Tuesday 31 December 2013

Peeling onions. Language competence as a protective factor.




 



 As you may have gathered from my last post on building a “language house”, I’m rather fond of metaphors as tools for exploring and teasing out concepts. Referring to the peeling of the humble onion is hardly a sophisticated literary device, but go with me on this one, so we can have a closer look at how language competence might be a protective factor in early life (and indeed, across the lifespan). 

But first, some context. I am sometimes asked about the journey that led me to be interested in studying the language skills of young people who experience vulnerability and adversity in early life. The answer lies in part, in my restlessness after the completion of my PhD (in the field of traumatic brain injury) in 1998, and my urge to broaden my intellectual and professional horizons. Some of my peers and mentors at the time described this urge as “courageous” (code for “foolhardy”), while others, I suspect, were just plain perplexed. However, to my delight (and, I’ll admit, trepidation), I was appointed in 1999 as a Research Fellow in a conjoint appointment between the Australian Drug Foundation and the School of Psychology at Deakin University. Looking back, I think the saying “Leap and the net shall appear” might be apt as a description for the next three years – a fasten-your-seatbelt-and-hold-on-tight journey into what often felt like a foreign country. I’ll come back to this in a later post, but have hopefully provided some context for my onion analogy.

Some time in 2000, I found myself immersed in the literature on risk and protective factors pertaining to substance use, mental health, and overall adjustment in adolescence. Much of this work stems from the Communities that Care research carried out by Hawkins and Catalano in the USA and can be roughly summed up this way: risk factors promote the likelihood of all kinds of personal, social, and health  adversities, while protective factors buffer against adverse outcomes. Risk and protective factors exist at the level of the community (e.g. level of socio-economic advantage), the school (e.g. presence of whole school policies and practices that promote a sense of safety and well-being as precursors to learning), the family (e.g. cohesion, warmth, parenting style), and the individual (e.g. social skills, coping styles). Risk and protective factors are cumulative on both sides of the ledger – so, as you might expect, a young person in a poor community, attending an under-performing school, coming from a chaotic family, and possessing limited social and coping skills, is going to face greater risk of adverse outcomes than a peer who can count some protective factors instead of these risks. 

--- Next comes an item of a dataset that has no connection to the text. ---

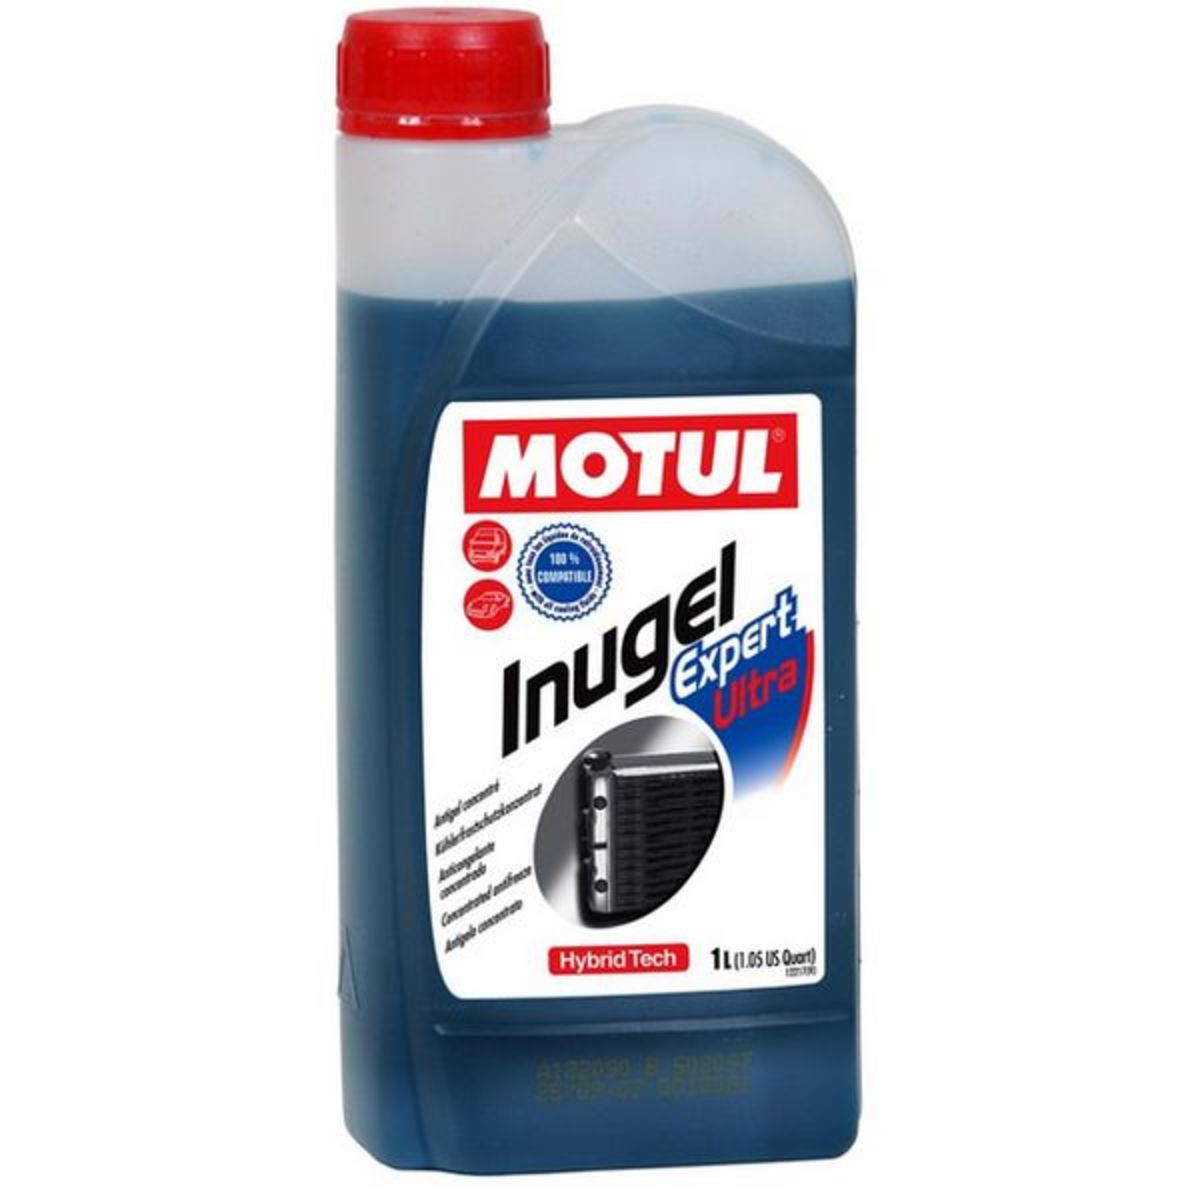 Płyn chłodzący MOTUL Inugel Expert, 1 litr Sklep Inter Cars

However, what struck me about these lists was something else altogether: the fact that “academic success” was invariably either at the top, or very close to it, of the list of protective factors, and its inverse, academic failure, was frequently ranked high on the list of risk factors. This in itself is perhaps not terribly surprising, but what was surprising to me that no-one seemed to have  “peeled the onion” on this self-evident truism. Think of each question below as a layer of the onion (and try not to cry)

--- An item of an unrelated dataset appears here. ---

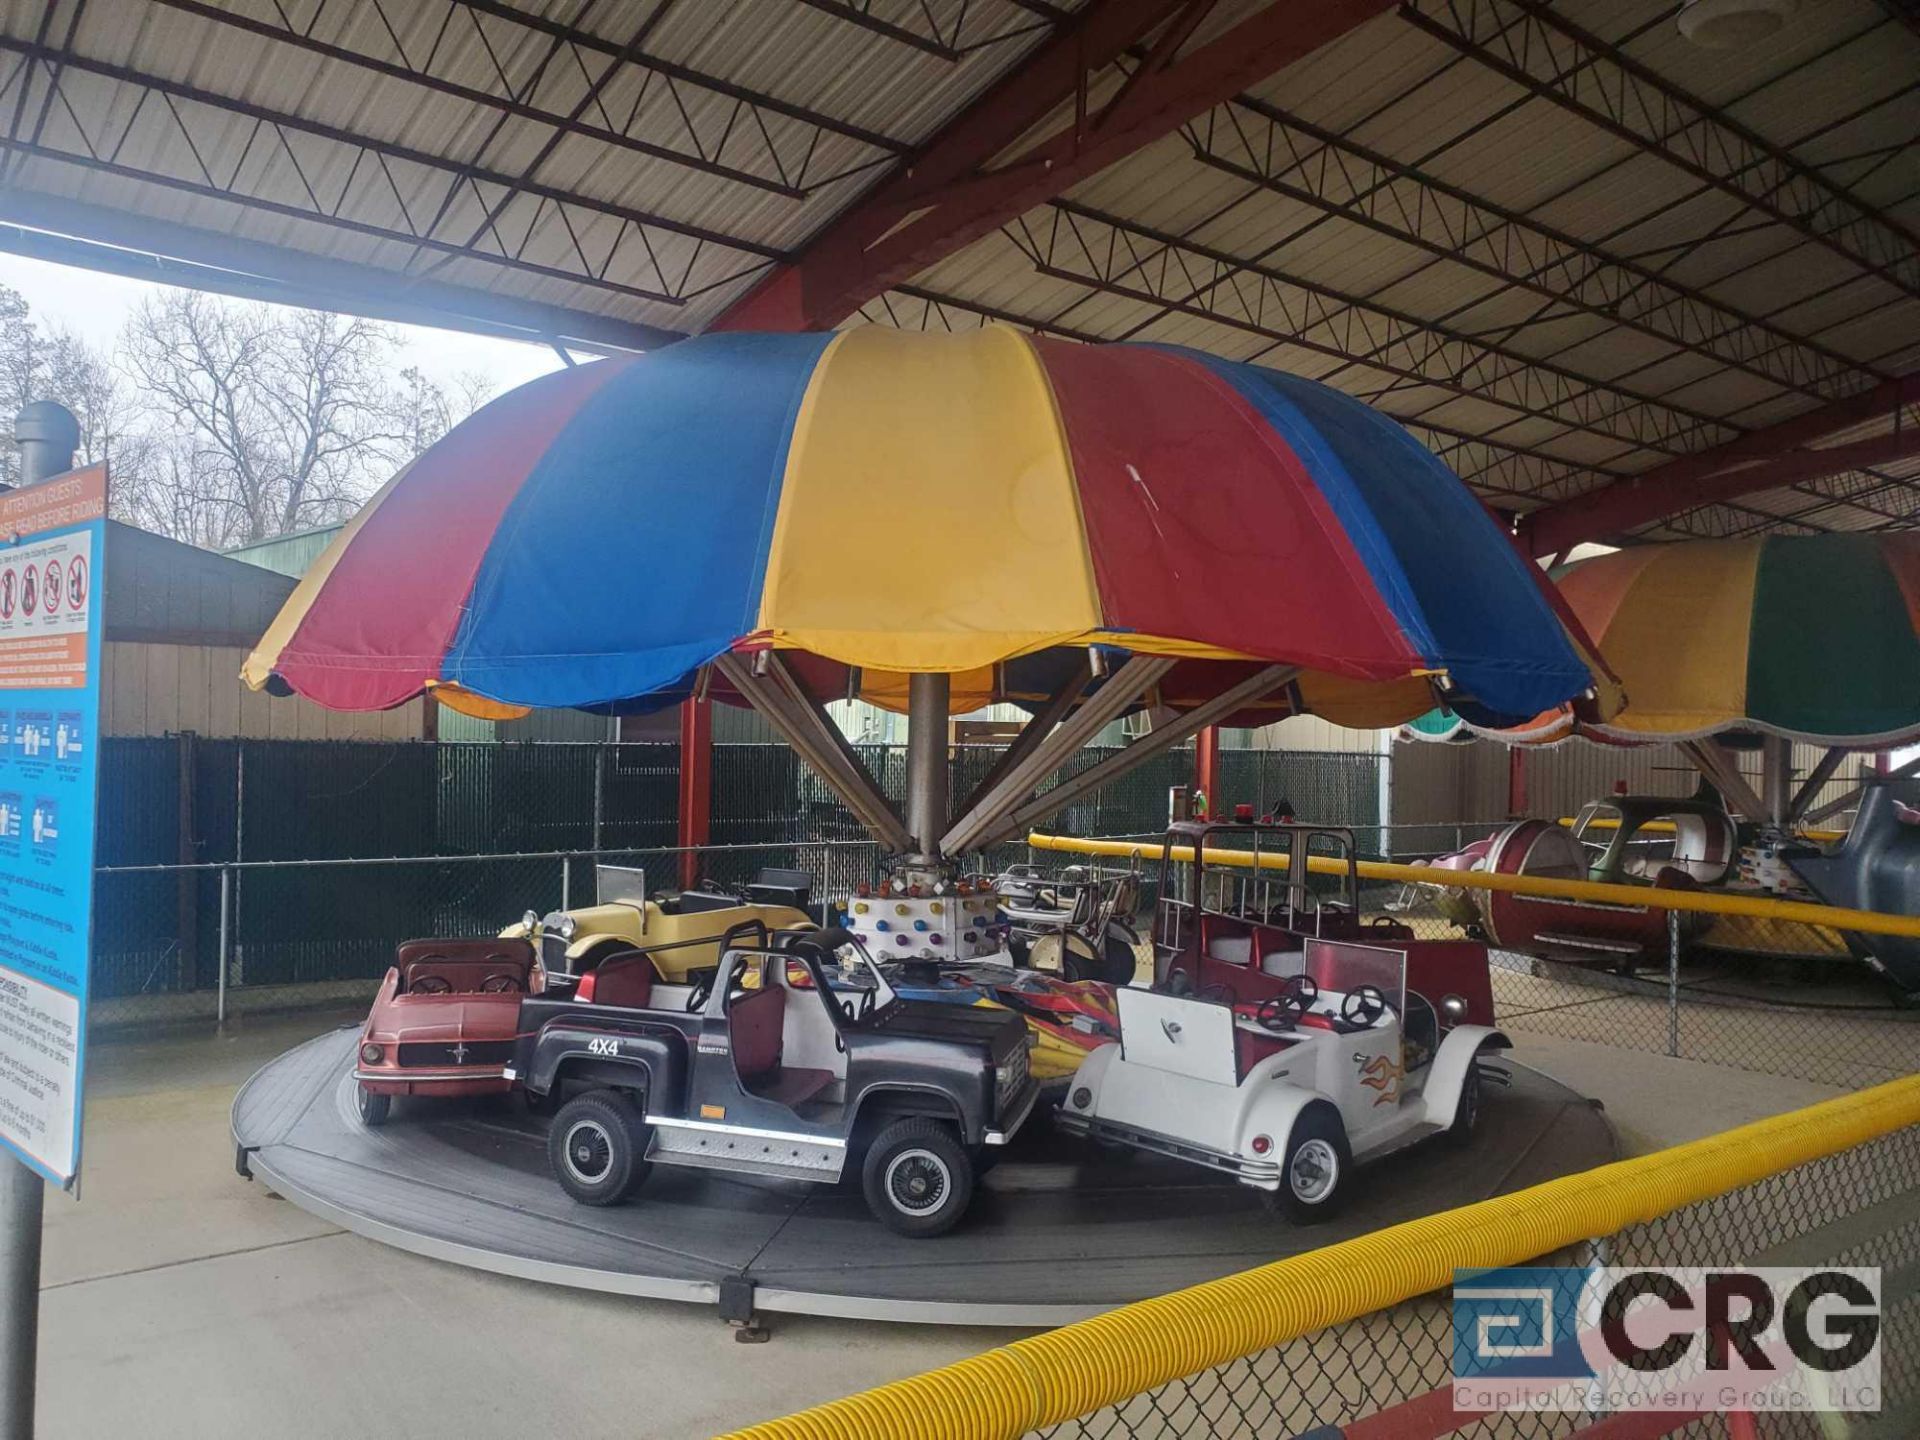 Hampton Cars and Trucks Umbrella circular Ride

Q1. Who are the children who succeed academically?
A1. Overwhelmingly, those who succeed academically have successfully (and often quite seamlessly) made the transition to literacy in the first three years of school. Most education systems are highly reliant on the ability to process (and produce) written text as a means of knowledge transfer, critical analysis, reflection, and synthesis of ideas. That’s just how things are. 

Q2. So – Which children successfully make the transition to literacy?
A2. In order to “cross the bridge” from oral language (talking and listening of many varieties)  in the pre-school years, to reading and writing in the first three years of school, children require certain skills in their language toolkit. Learning how to read has been recognised in recent years as being a linguistic task i.e. one that draws heavily on the child’s expressive and receptive vocabulary, narrative skills, grasp of syntactic rules for embedding ever more complex meaning, and of course, phonological and phonemic awareness skills. The latter two (knowledge of sounds and of sound units in words) are particularly relevant to the transition to literacy because of their foundational role in establishing phoneme-grapheme links as a basis for decoding skills. 

Q3. Given the above, why isn’t oral language competence talked about more in public health circles as a protective factor that's important for all children?

Well this really is the “bottom line” for me and has been at the heart of much of my research and proselytising  in recent years. Perhaps my migration from another paradigm made this easier for me to see, in much the same way that when we visit foreign countries, we make observations about everyday phenomena to which the locals have become habituated. 

So, if policy makers in education, health, and welfare want to address some of the inequalities associated with early socio-economic disadvantage (they are many and long-lasting) then perhaps part of the answer might be (almost literally), right under their noses – a focus on children’s early verbal skills as a means of increasing the benefit that all children can receive from that most widespread of public health interventions - an education.